While the description covers purpose and parameters, it omits return values (no output schema) and behavioral context like idempotency or error handling. For a create tool, an agent may need to know what happens on success or failure.

Complex tools with many parameters or behaviors need more documentation. Simple tools need less. This dimension scales expectations accordingly.

Parameters4/5

Does the description clarify parameter syntax, constraints, interactions, or defaults beyond what the schema provides?

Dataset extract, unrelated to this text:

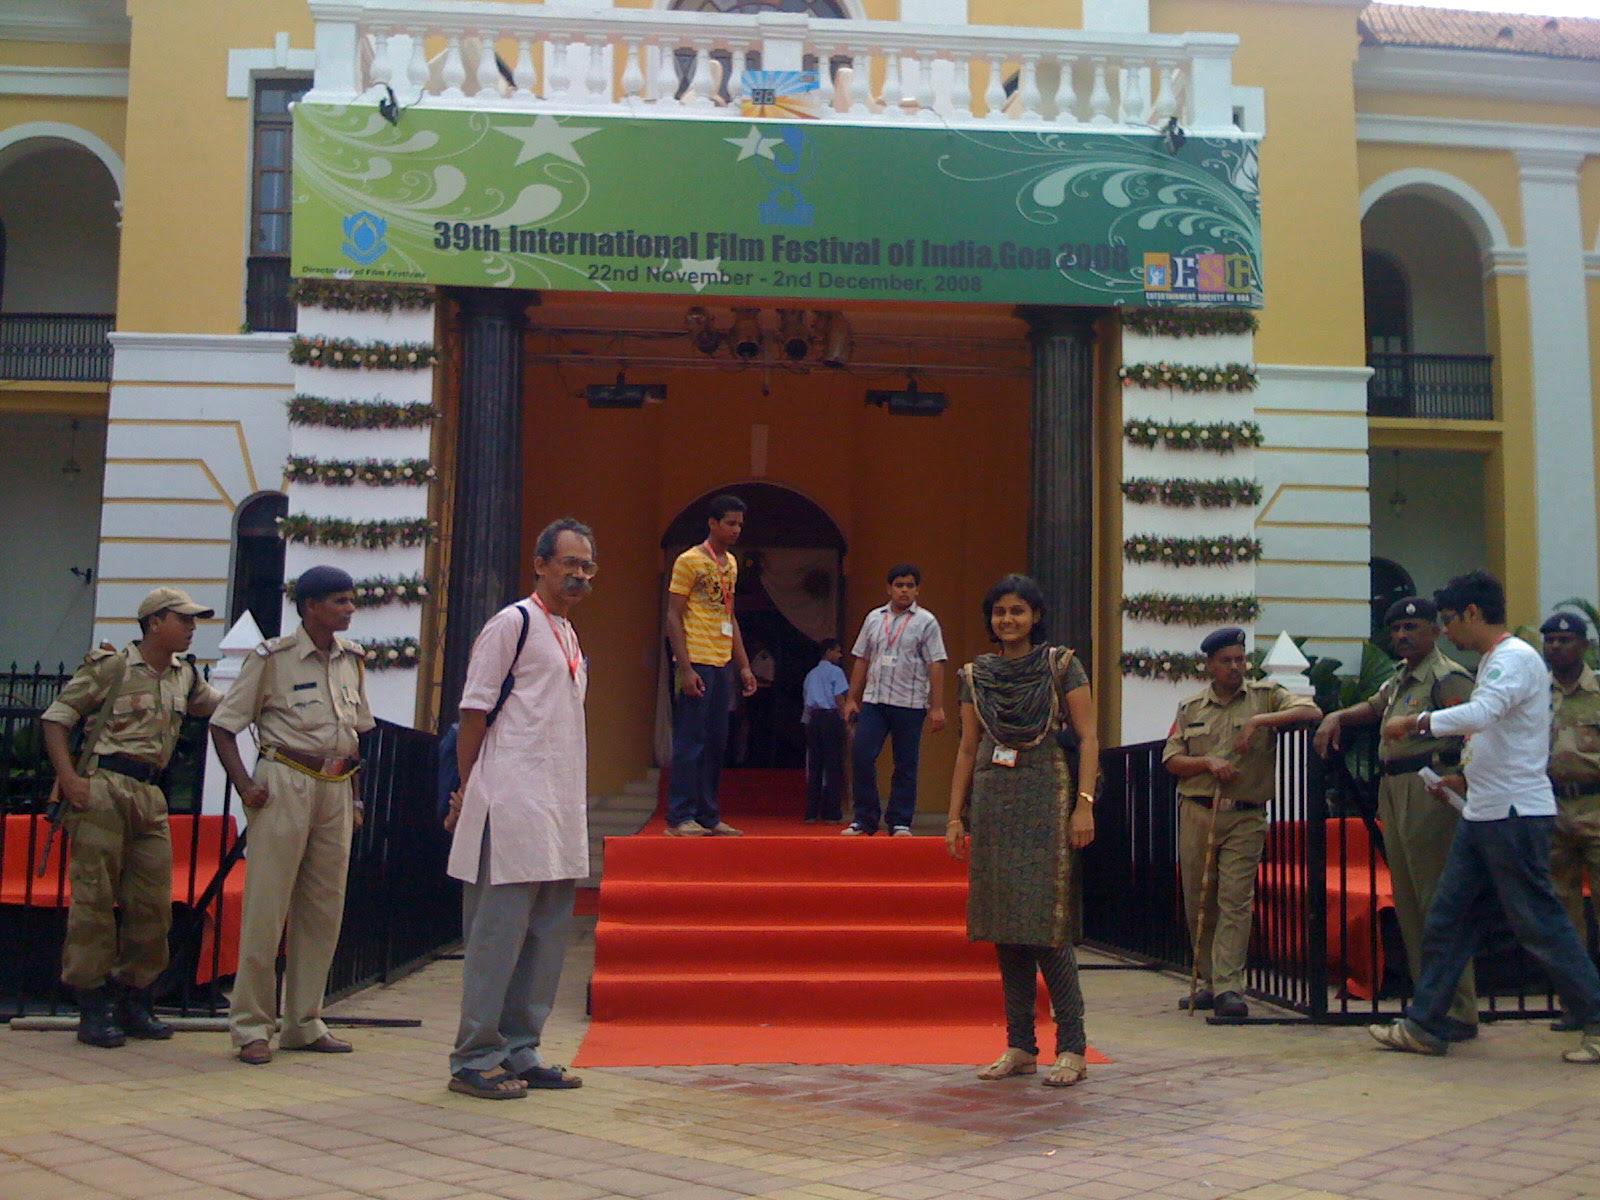 ಅಂತರ ರಾಷ್ಟ್ರೀಯ ಚಲನ ಚಿತ್ರೋತ್ಸವದ ಬಾಗಿಲಲ್ಲಿ

With 0% schema description coverage, the description compensates well by explaining pool_name ('from a pool listing'), name ('New image name'), size_bytes (unit), and target ('omit for the default'). This adds context beyond bare schema names.

Input schemas describe structure but not intent. Descriptions should explain non-obvious parameter relationships and valid value ranges.

Purpose5/5

Does the description clearly state what the tool does and how it differs from similar tools?

The description clearly states 'Create a new RBD image in a pool' with a specific verb (create) and resource (RBD image). It distinguishes from sibling tools like rbd_image_delete and rbd_ls, and includes a [WRITE][risk=medium] tag for context.

Agents choose between tools based on descriptions. A clear purpose with a specific verb and resource helps agents select the right tool.

Usage Guidelines3/5

Does the description explain when to use this tool, when not to, or what alternatives exist?

The intended usage is implicit (create an image), but there is no explicit guidance on when not to use or alternatives among sibling tools. The description lacks when-to-use vs when-not-to-use language.

Agents often have multiple tools that could apply. Explicit usage guidance like "use X instead of Y when Z" prevents misuse.